Public schools are to reopen Monday in Detroit after a weeklong break over the Thanksgiving holiday, despite the upsurge in COVID-19 cases which has killed an average of 500 people a week and put 4,000 people in the hospital on Thanksgiving Day.

Detroit schools closed the entire week, rather than the usual three-day break, because of rising COVID-19 case levels in the city and state, but school Superintendent Nikolai Vitti said in-person instruction would begin as usual on Monday, November 29.

Registered Nurse Monica Quintana dons protective gear before entering a room at the William Beaumont hospital, April 21, 2021 in Royal Oak, Mich. (AP Photo/Carlos Osorio, file)

While state health officials issued an appeal for all residents older than two to mask up during any indoor gatherings, this is not mandatory and will not be enforced in the school setting, where hundreds of thousands of children, few vaccinated and many unmasked, will gather in closed-door settings without adequate ventilation.

The state government headed by Democratic Governor Gretchen Whitmer has abandoned any effort to fight the right-wing campaign against mask mandates and other executive orders which she issued in the course of 2020, after the Republican-led state Supreme Court overturned those orders. The Republican-controlled state legislature opposes any effort to require vaccination or mask wearing in schools, workplaces or other public venues.

Over the past six months, state health officials have rescinded previous orders linked to fighting the spread of coronavirus and issued no new ones, while Whitmer’s top health aide, Dr. Joneigh Khaldun, resigned.

The crisis in Michigan is so severe that it has attracted attention in the national media, with the Washington Post publishing a major report Saturday headlined, “‘Really Heartbreaking:’ Waves of Covid Patients Create No-Vacancy Status at Some Michigan Hospitals.”

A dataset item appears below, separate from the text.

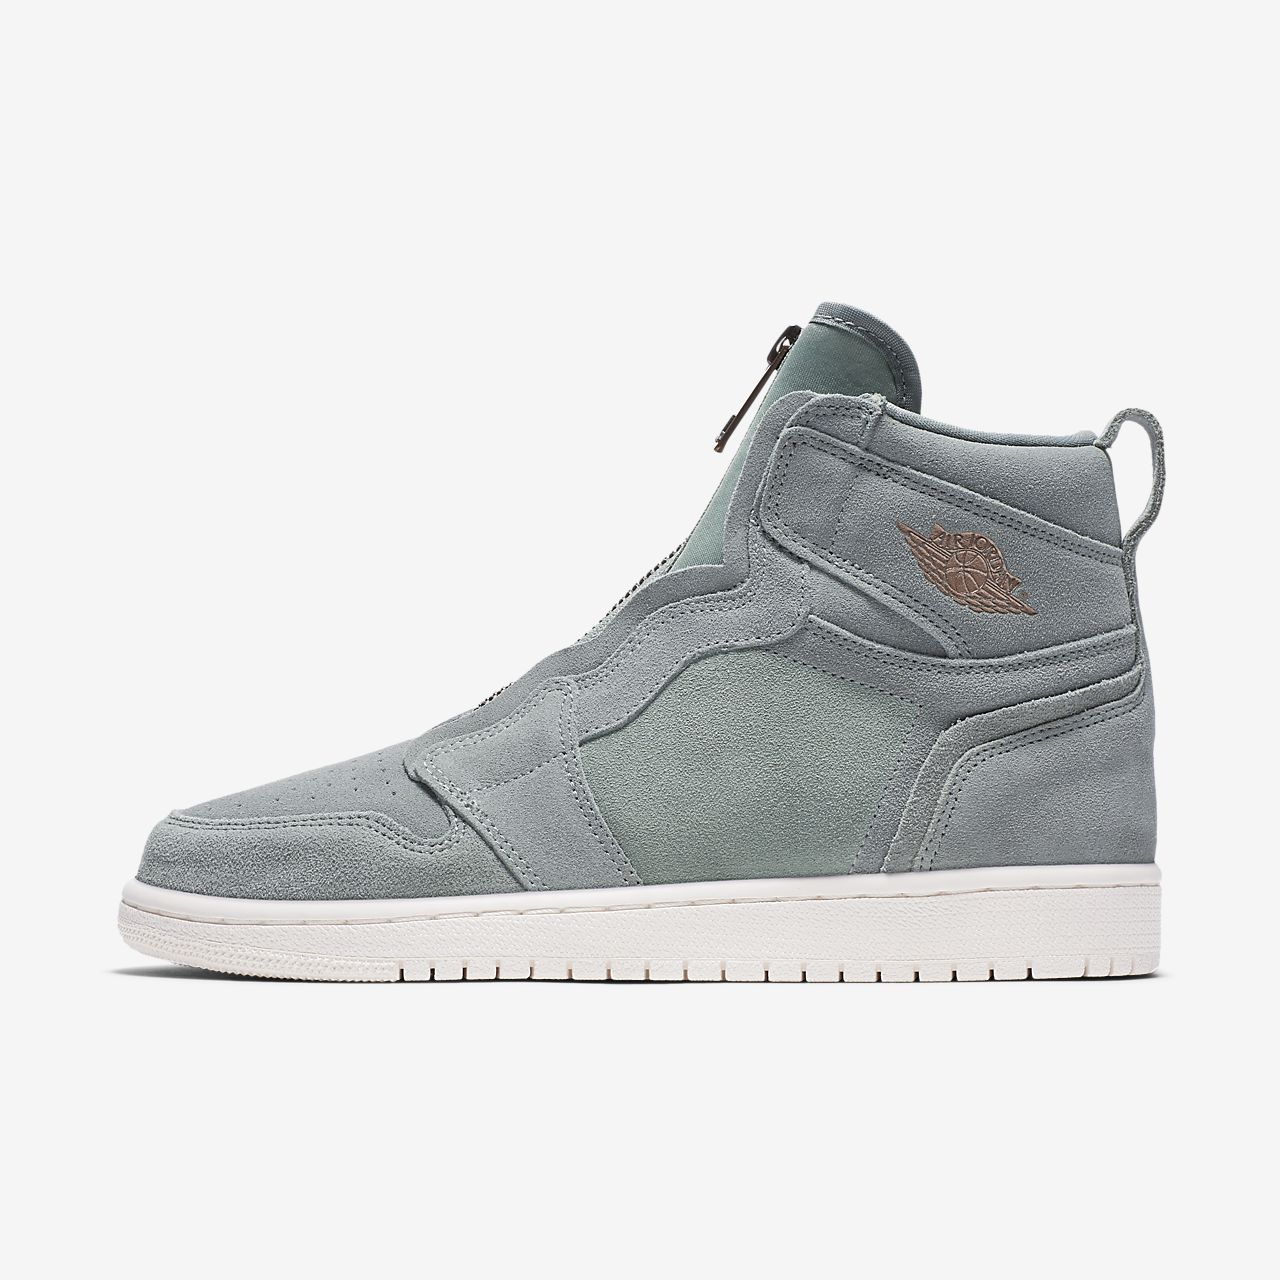 Calzado para mujer Air Jordan 1 High Zip

The report noted that eight hospitals in the state are 100 percent full and compelled to deny admission to new patients, with major hospital chains like Spectrum telling smaller rural hospitals that they cannot transfer high-risk patients who require treatment at a larger facility.

The result was increased risk of death, not only to COVID-19 patients, but to those suffering heart attacks or injuries from car accidents, or to those needing treatment in a facility with greater resources.

St. Joseph Mercy hospitals in Ann Arbor and Howell were among the eight that could not admit more patients to intensive care units.

A nurse at St. Joseph Mercy told the WSWS, “We are working short staffed with COVID patients now, and they just sent out bigger $ incentives to come help ‘decompress’ the ER. It’s horrible.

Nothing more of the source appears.